Destiny members quit over new church building

One News, New Zealand/January 27, 2013

Some of Destiny Church's most senior members have defected, upset at Bishop Brian Tamaki's calls to hand over money for his "City of God" in South Auckland.

Tamaki's obsession with building the new facility in Druces Road in Manukau, has caused a schism in the church, with some of his staunchest followers deserting him.

Janine Cardno, the church's media spokeswoman for many years, left last year, along with Paul and Michelle Hubble, who had been with Tamaki since 1990.

A source who has studied Destiny said the departures are a blow to the history and reputation of the church.

"The Cardnos and Hubbles were crucial people in the very early days. They were part of the original 26 families who came up to Auckland and helped to build the church ... they've been incredibly faithful and were a link to the wider community."

The source said more Pakeha families were leaving Destiny, as it focused increasingly on building its Maori and Pacific Island membership.

A function was held to officially open the new church on New Year's Eve, but the move will not be complete until the end of March.

Tamaki has called on church members to contribute $1000 each to help renovate the warehouse that will house church facilities, including a school.

The departure of Cardno is seen as particularly significant. She and her late husband, Neil, moved from Rotorua to help establish Destiny in Auckland in the 1990s, and Neil, a former TVNZ employee, pioneered Destiny television.

The church helped Janine through her grief after Neil died in a road accident in 2005. She was the public mouthpiece for Tamaki, defending him against criticisms over his lavish lifestyle.

She declined to comment on her reasons for leaving.

'Prosperity church'

The Hubbles also declined to comment, but a close friend said they had become disillusioned with Tamaki's vision for the "City of God", as it seemed he was putting buildings ahead of people.

"There was an announcement made that they wanted everybody to raise $1000. They weren't happy about that, because they could see families in the church that would struggle to raise that amount of money.

"They personally knew of couples who were thinking, 'We can't raise the money, what can we sell?' You shouldn't have to do that. At what point do flash buildings become more important than actually looking after those people?"
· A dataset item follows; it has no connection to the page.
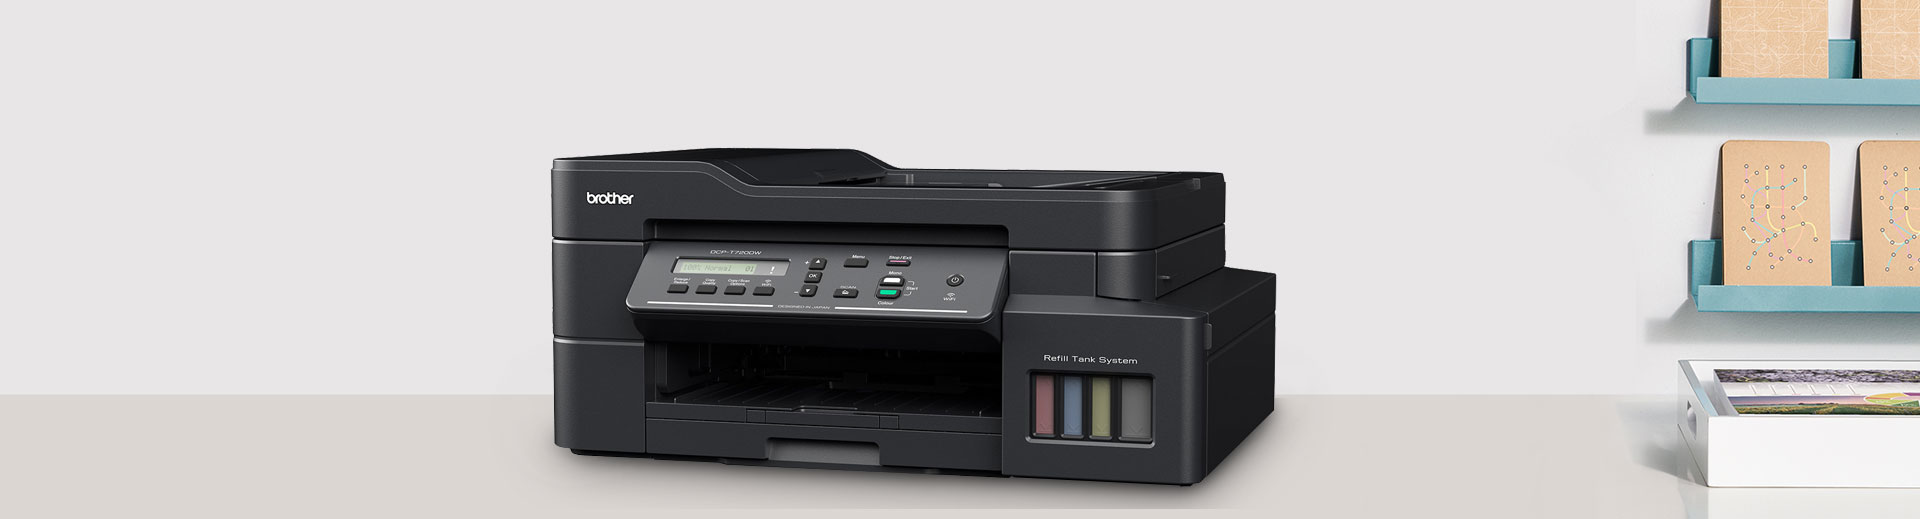 ข้อ 51. เครื่องพิมพ์ Multifunction แบบฉีดหมึกพร้อมติดตั้งถังหมึกพิมพ์ (Ink Tank Printer) ราคา 8,000 บาท

In a New Year's Eve sermon, Nelson's Destiny Church pastor Martin Daly said: "I love reading the Destiny Church Facebook page [and families] going without Christmas presents 'cos they're saving up for their $1000 grand slam offering for the promised land that's gonna bless the people of South Auckland."

The Hubbles, who have joined Auckland's Life church, another "prosperity' church which has picked up several Destiny defectors, were some of Tamaki's closest supporters from his Rotorua days.

Paul Hubble, a banker, looked after the Destiny finances in Rotorua.

Their friend said they were concerned Destiny was moving to a large new venue at a time when it was not even filling the smaller church.

Destiny's new media spokesman, Richie Lewis, said it was sad to see Cardno and the Hubbles go, "but people join churches and leave churches of their own free will, people make decisions for themselves ... and that's fully respected".

Asked if there had been "white flight", he said: "We've always been a predominantly Maori and Pacific Island church, as to the reasons why people come and go, that's their personal choice."

He confirmed people had been asked to donate $1000 each for the new facility.

"The move to South Auckland is going to cost money. We're not asking or begging the government for any of it ... it's up to people what they want to contribute."